For large datasets, an approximation of the KNN graph, called approximate nearest-neighbor (ANN) graph, is computed instead, by decreasing the number of comparisons between users. Locally Sensitive Hashing [11, 14] hashes users into buckets and only users within the same buckets are compared. Depending on the chosen similarity, different hashing functions are used [6,7,8]. Despite being very efficient for KNN queries, the preprocessing is too expensive to compete with other ANN graph algorithms. KIFF [5] first assigns to every user the users with which she shares at least one item. Since the Jaccard similarity is null if two users do not share any item, the neighbors research is limited to these ones. This algorithm performs particularly well on sparse datasets. Hyrec [4] and NNDescent [10] rely on the assumption that the neighbors of the neighbors are more likely to be also neighbors than random users to decrease drastically number of similarity computed.

However it seems that lowering even further the number of similarities is no longer possible.
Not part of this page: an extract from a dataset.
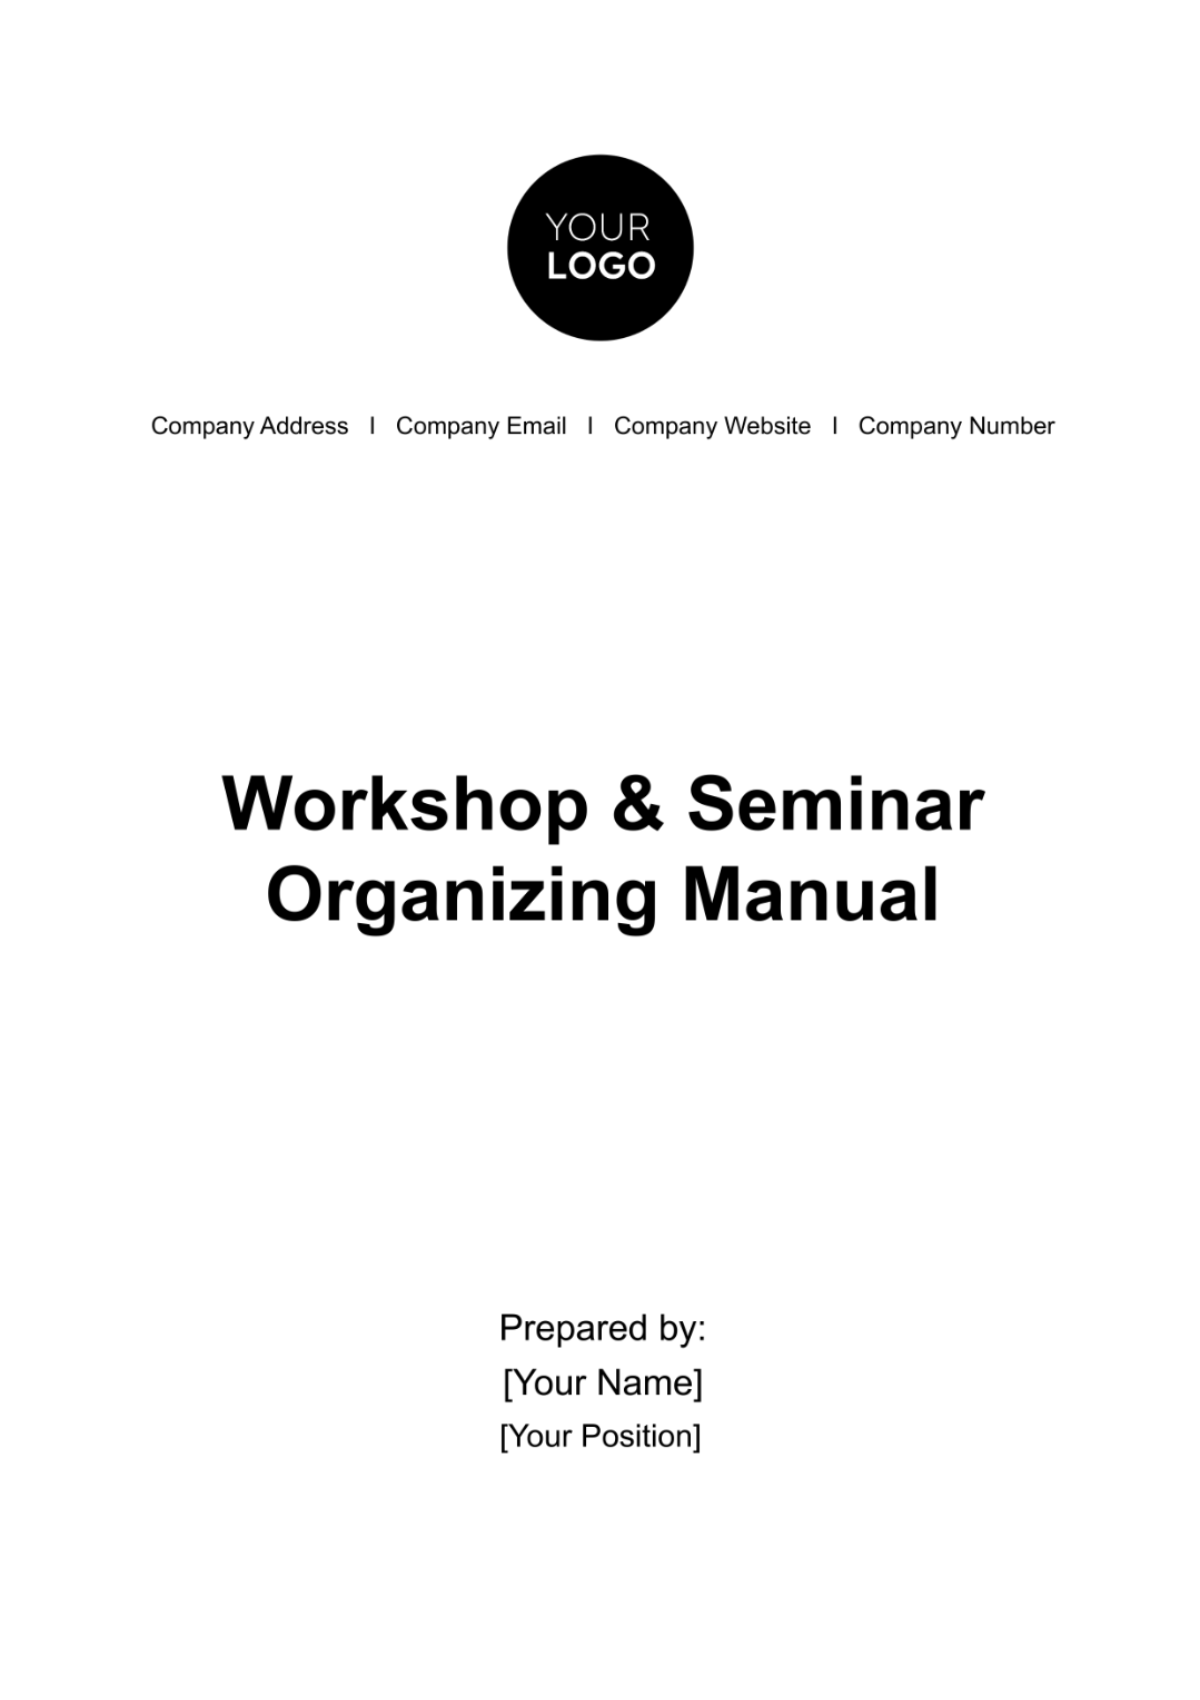 Workshop & Seminar Organizing Manual HR Template

An orthogonal strategy is to speed-up the similarity computation itself by compacting the users’ profiles. b-bit minwise hashing [2, 16] relies on a similar approach than LSH to compact users’ profiles in order to approximate the Jaccard similarity. It is space efficient but at the expense of a high preprocessing time. In [9] the profiles are compacted by using bit arrays: each bit represents a feature, which value has been rounded. This does not scale and cannot be used in our case where the items are the features. To avoid such a problem [12] uses constant-sized Bloom filters to encode the profiles. Then the Jaccard’s similarity is approximated by a bitwise AND operation. Despite its privacy properties and its speed-up, there is a substantial loss in precision.

As far as we know, sampling has never been used to compact the users’ profiles, even though it is used in information filtering systems such as collaborative filtering. It can be used to find association rules [1], to reduce the size of the items’ universe to recommend [17] and to change the distribution of the training points [19, 23]. The popularity is used to solve the cold-start problem [24] by finding items the new user is likely to rate, but not to represent its profile in a compact manner.

6 Conclusion

In this paper, we have proposed Constant-Size Least Popular Sampling (LP) to speed up the construction of KNN graphs on entity-item datasets. By keeping only the least popular items of users’ profiles, we make them shorter and thus faster to compare. Our extensive evaluation on four realistic datasets shows that LP outperforms more straightforward sampling policies. More precisely, LP is able to decrease the computation time of KNN graphs by up to 63%, while providing a KNN graph close to the ideal one, with no observable loss when used to compute recommendations.

In the future, we plan to investigate more advanced sampling policies, and to explore how sampling could be combined with orthogonal greedy techniques to accelerate KNN graph computations [4, 5, 10].